By August 1998 share prices were down to 69 cents. The company responded by cutting staff and costs and in typical corporate doublethink it linked these to providing better care. It divided its hospitals into business clusters for closer administration. The familiar rhetoric suggested it had employed business consultants who knew little of health care. As always efficiency (meaning taking money from care) was the solution. It also did another share buy back in September 1998. It was repeatedly seen as a possible target for a US or other predator, but LaTrobe was the poisoned pill no one wanted.

AHC was forced back on to the competitiveness of its core private hospitals. The GST and the 30% private insurance rebate introduced by the re-elected coalition government in 1998 gave for profit groups a leg up, and made them more competitive against not for profit services but this was not enough.
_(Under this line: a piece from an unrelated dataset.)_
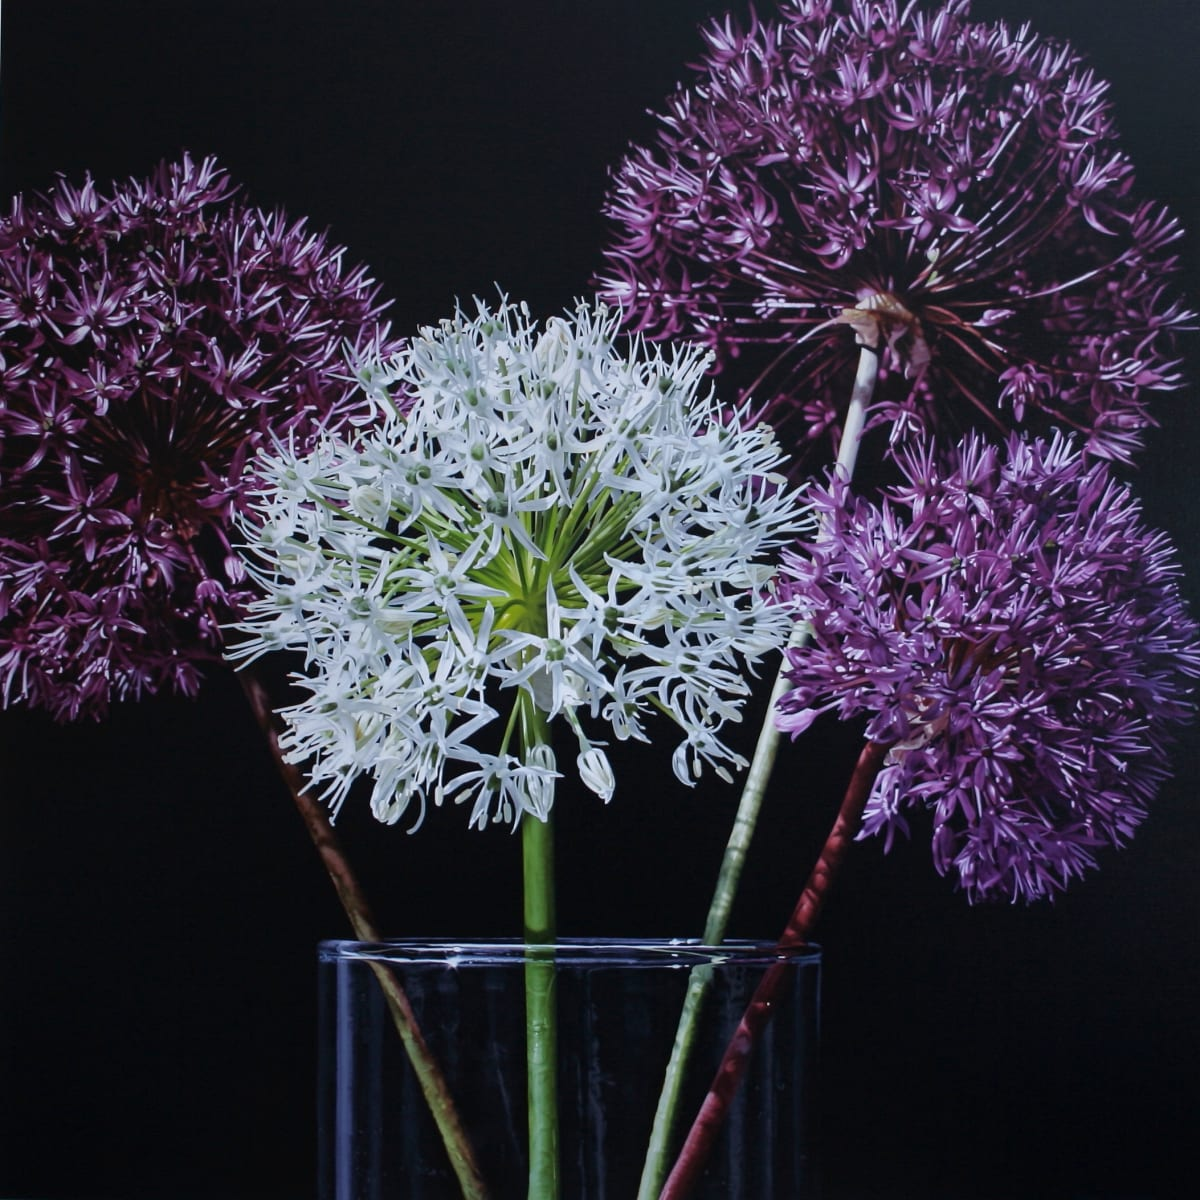 Glen Semple A Little Bit of Allium Acrylic on canvas 120 x 120 cm

AHC had expected profits from LaTrobe and Hobart to make up for the fall off of admissions to its private hospitals when they came on line. Instead they dragged the company down even as the government's legislative assistance improved the situation in other hospitals.

Jul 1998 Restructuring and reducung staff

AHX will focus on achieving enhanced and integrated services for Rs customers while simultaneously reducing costs. This will be achieved by substantially reducing Head Office and hospital costs with some restructuring and by integrating the Company's hospitals into geographic and product clusters. This will further enhance the high quality, and range, of services able to be provided to the Company's clients throughout Australia.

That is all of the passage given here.